## DATASET ENTRIES
+++

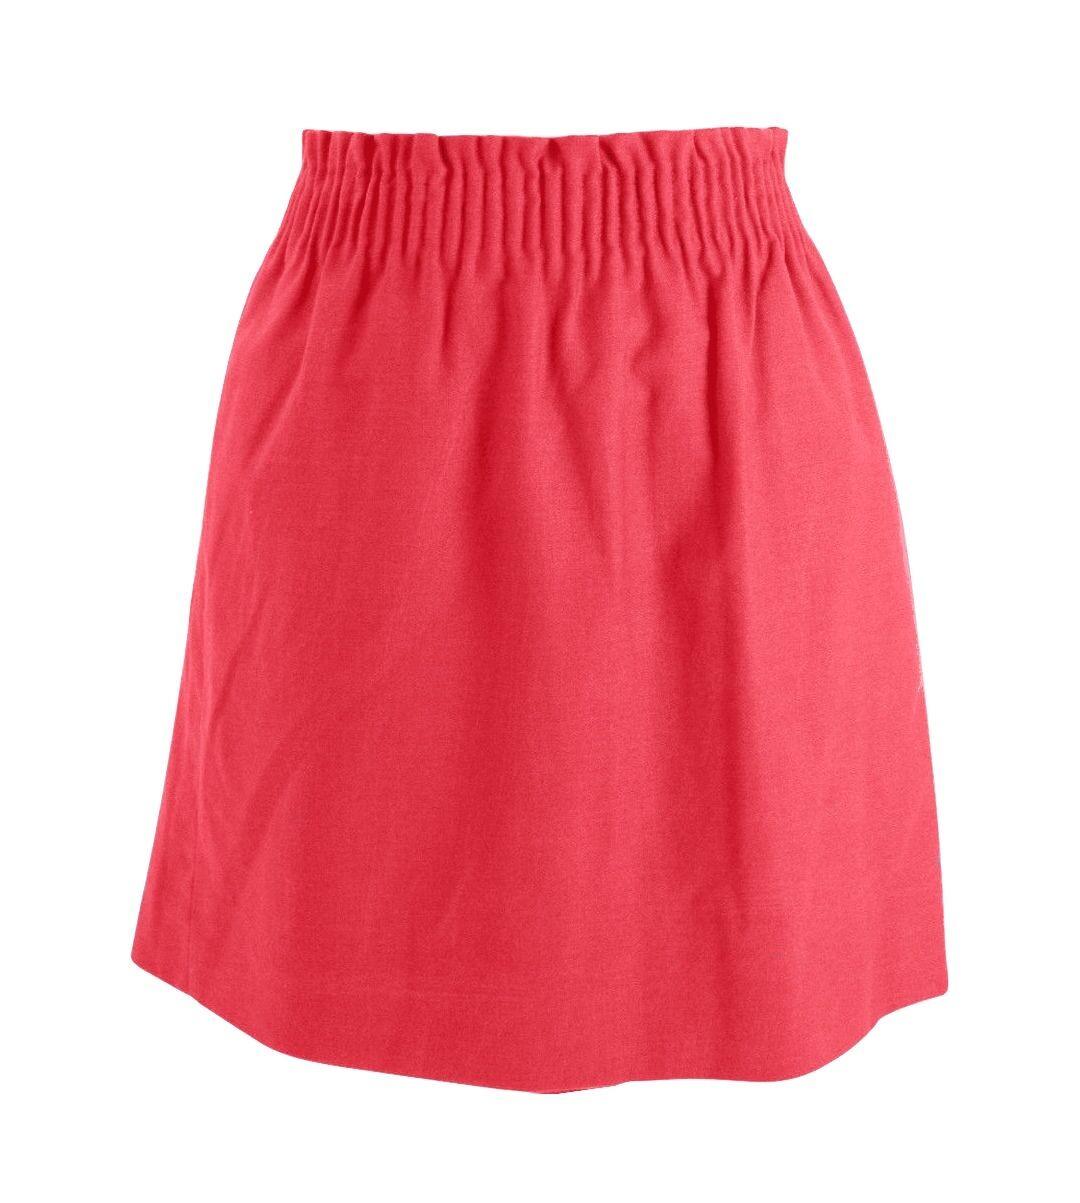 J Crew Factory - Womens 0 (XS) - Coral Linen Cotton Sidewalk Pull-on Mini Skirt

+++

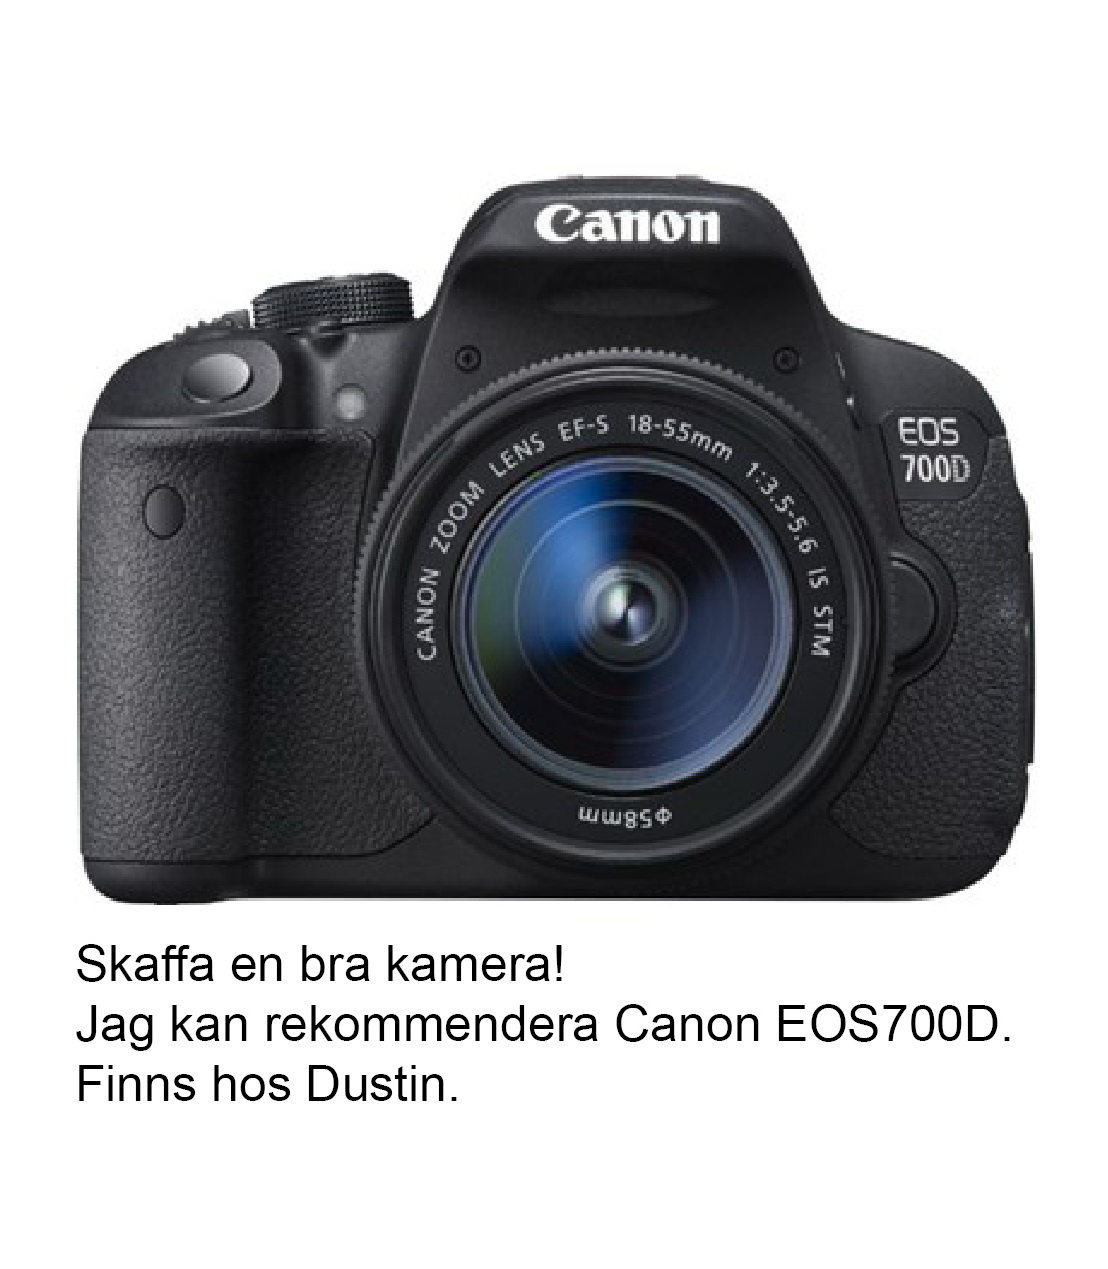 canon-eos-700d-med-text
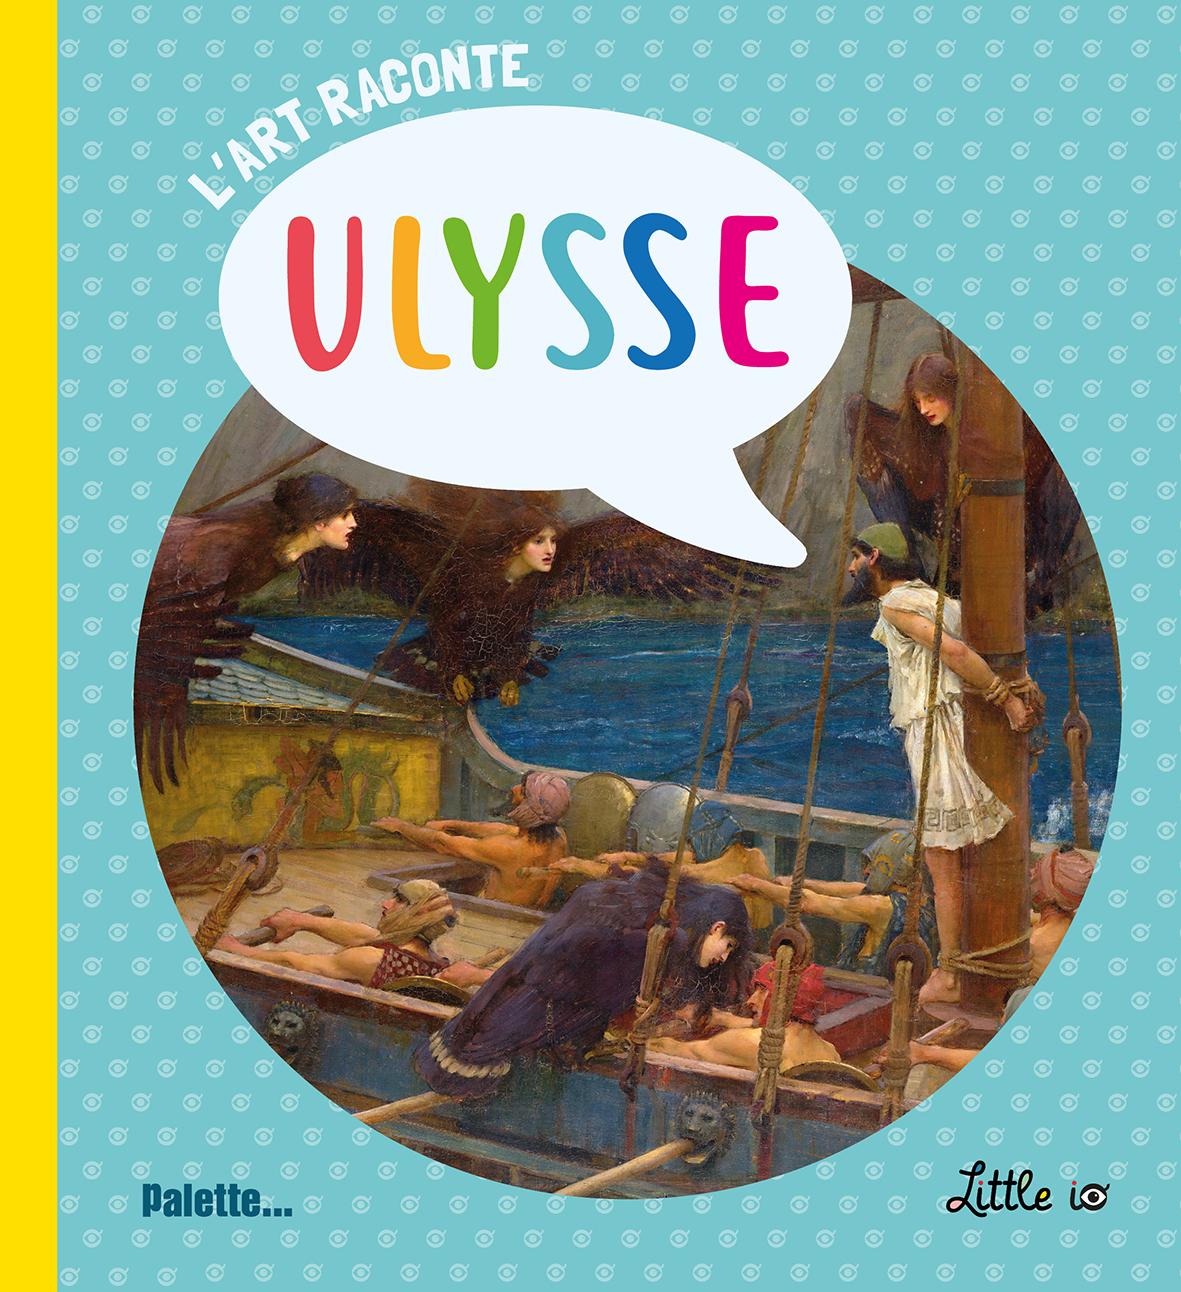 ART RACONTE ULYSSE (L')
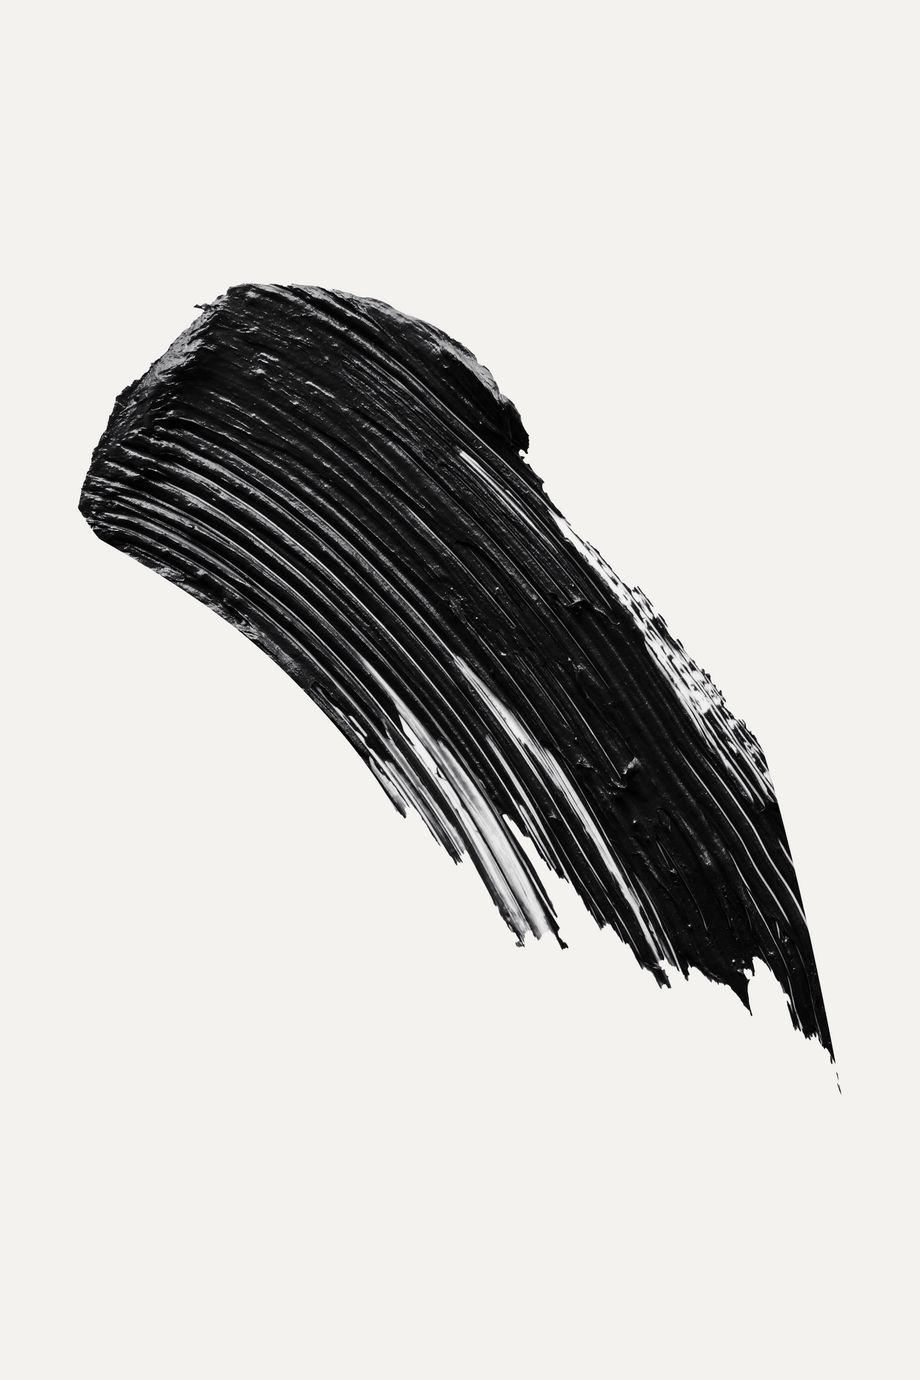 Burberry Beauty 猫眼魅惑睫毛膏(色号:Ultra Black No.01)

+++

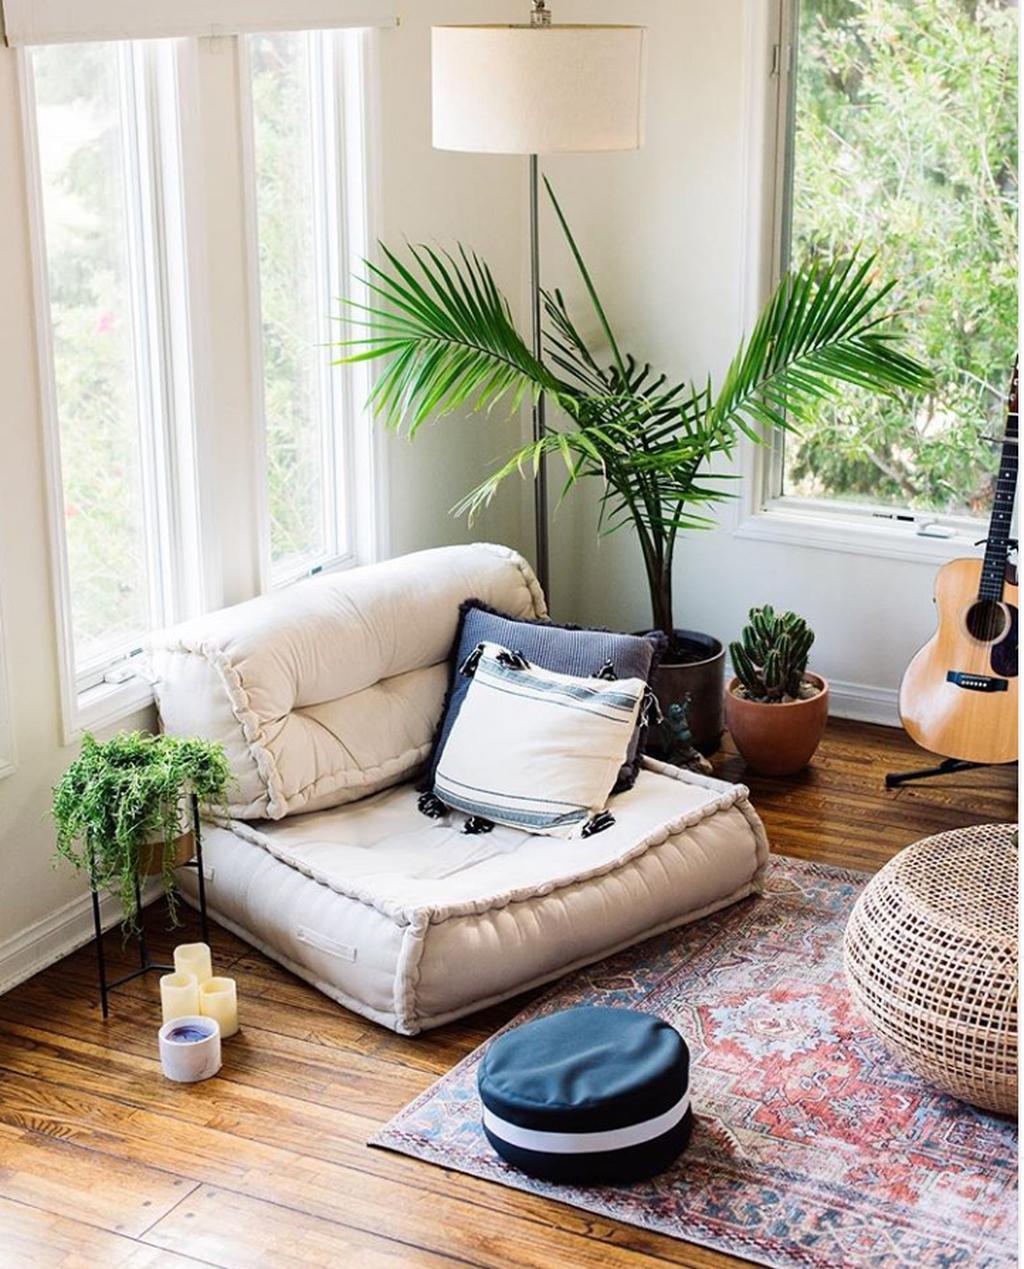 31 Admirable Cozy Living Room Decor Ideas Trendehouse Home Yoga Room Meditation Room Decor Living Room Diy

+++

## TASK OBJECTIVE
Output exactly, and only, the lines of the entries above from the one with "canon-eos-700d-med-text" up to and including the one with "Burberry Beauty 猫眼魅惑睫毛膏(色号:Ultra"; pictures are to be left out.

## RESPONSE
 canon-eos-700d-med-text
 ART RACONTE ULYSSE (L')
 Burberry Beauty 猫眼魅惑睫毛膏(色号:Ultra Black No.01)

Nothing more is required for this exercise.